Ik denk dat mensen die agressief gedrag vertonen tegen over dit soort mensen ook in de rest van hun leven niet erg vrede lievend zijn.
@theste,
Ik heb recent een cursus communicatie gevolgt en weet nu wat je kunt doen met de juiste manier van communicatie verbaal en non-verbaal. Ik heb het altijd als sport gezien om boze mensen weer "aan het lachen" te krijgen. En mede door de cursus gaat het me steeds beter af. Ook als scheidsrechter merk ik dat de juiste benadering vruchten afwerpt.

Gr Ikke

----------


## Agnes574

Ik zou meteen gaan 'helpen', hoe dan ook... mijn instinct neemt het dan over van mijn verstand ... mss niet altijd slim..

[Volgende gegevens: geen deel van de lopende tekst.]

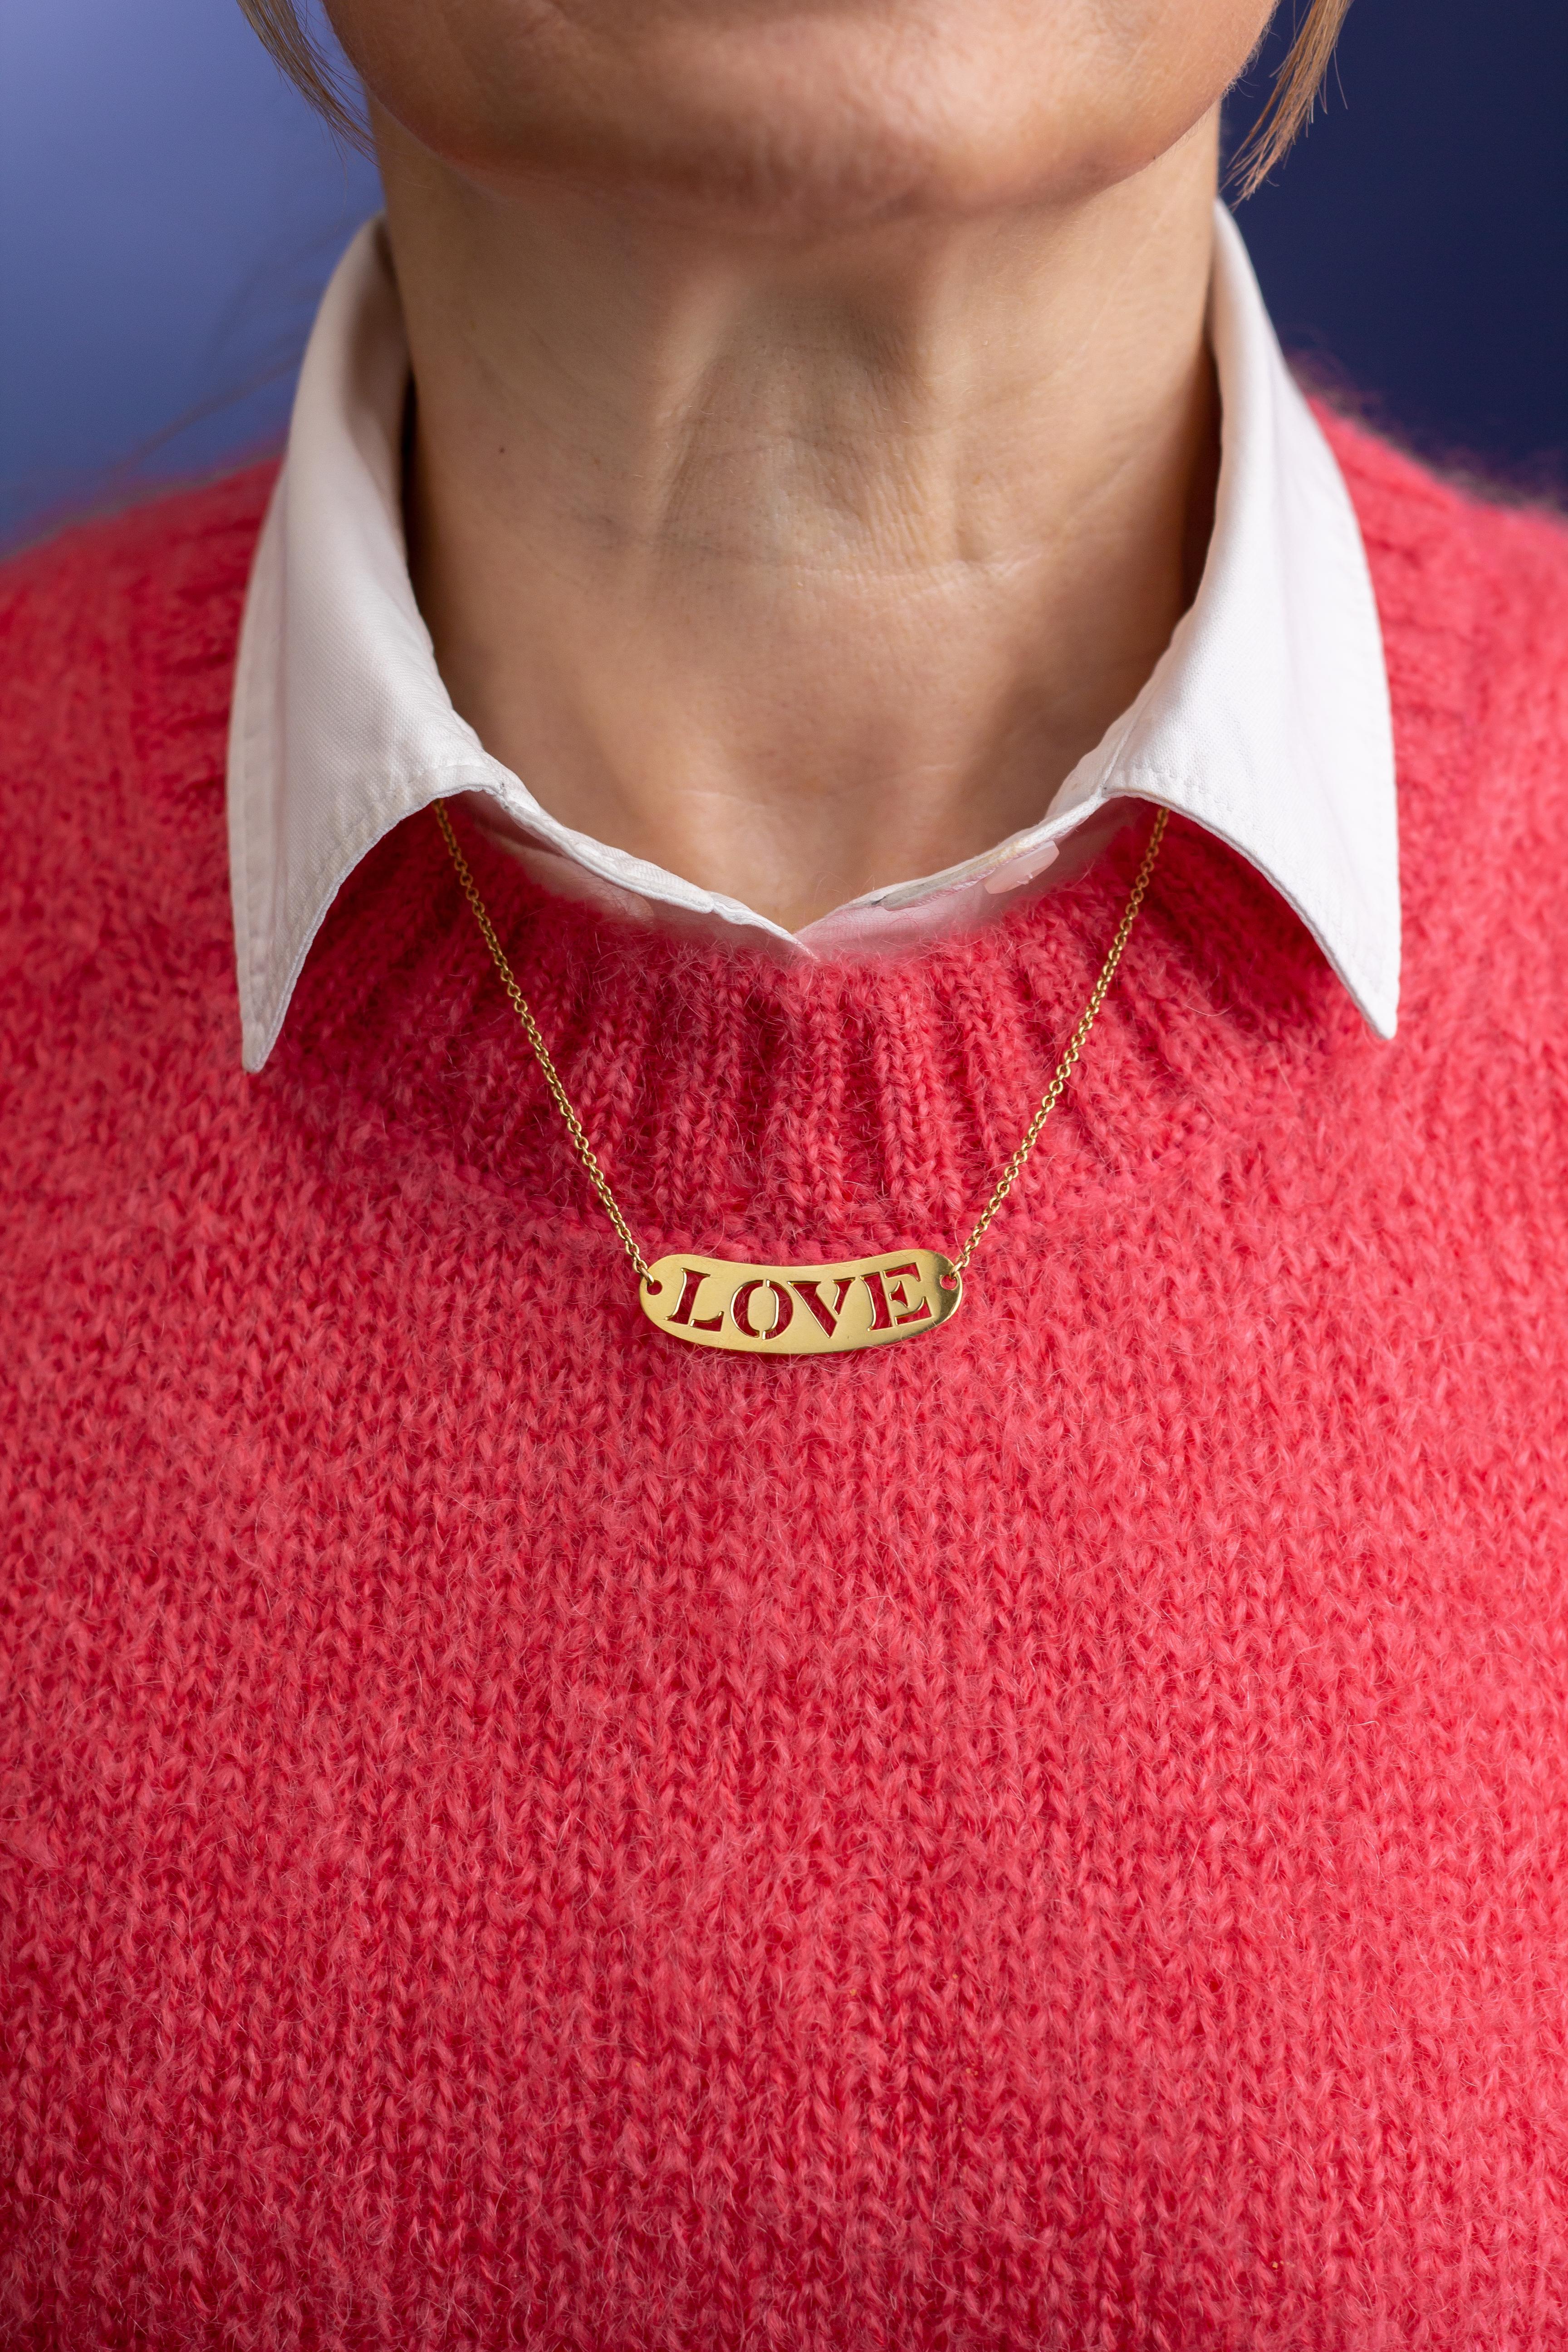 This sweet French necklace features a central plaque spelling 'love' and has been crafted from 18 karat yellow gold. The fine chain necklace centres on an oval yellow gold plaque that has been pierced to reveal the word 'love' which makes it a

Stel dat een bus of treinbestuurder wordt lastiggevallen of een verpleegster in het ziekenhuis, ik zou niet blijven zitten, maar er naar toe gaan en opkomen voor die mens ...

----------


## ikke64

Ik denk er net zo over. Mijn ega heeft me al vaker proberen tegen te houden. Tevergeefs.
Ik ga er op af en schiet te hulp. En inderdaad is dat wel eens bijna verkeerd gegaan.
Vrouwen en kinderen zijn zo wie zo heilig.

Gr Ikke

----------


## christel1

Ik denk dat ik verbaal hulp zou geven, desnoods ook fysiek maar je moet wel zeker weten dat je het aankan, zeker fysiek, ik ben klein en tenger en ik zou zeker geen man van 80 kilo onder bedwang kunnen houden. Maar als ik zou zien dat het gaat escaleren zou ik zeker de politie opbellen of proberen verbaal tussen te komen. 
Sommige mensen komen uit zichzelf al aggressief over, gewoon te horen aan hun taalgebruik of fysieke uitdrukkingen en waar ik een hekel aan heb zijn mensen die precies geen "kleine mensen" zien lopen, hoe dikwijls er al mensen tegen mij aan gelopen zijn precies of ik ben onzichtbaar, niet te doen...

----------


## theste

Hallo Christel,
elke reactie blijft natuurlijk persoonlijk, maar ervaring leert relativeren en leert vooral gebruik te maken van non-verbale communicatiemiddelen en beheersing van de eigen gevoelens. Uiteindelijk blijf je je hele (arbeids)leven leren omgaan met anderen in welke vorm dan ook. Agressie blijft vreselijk lastig, maar in de meeste gevallen is een goede gesprekstechniek (waarbij rust-intermezzo's niet onbelangrijk zijn) het juiste gereedschap.

----------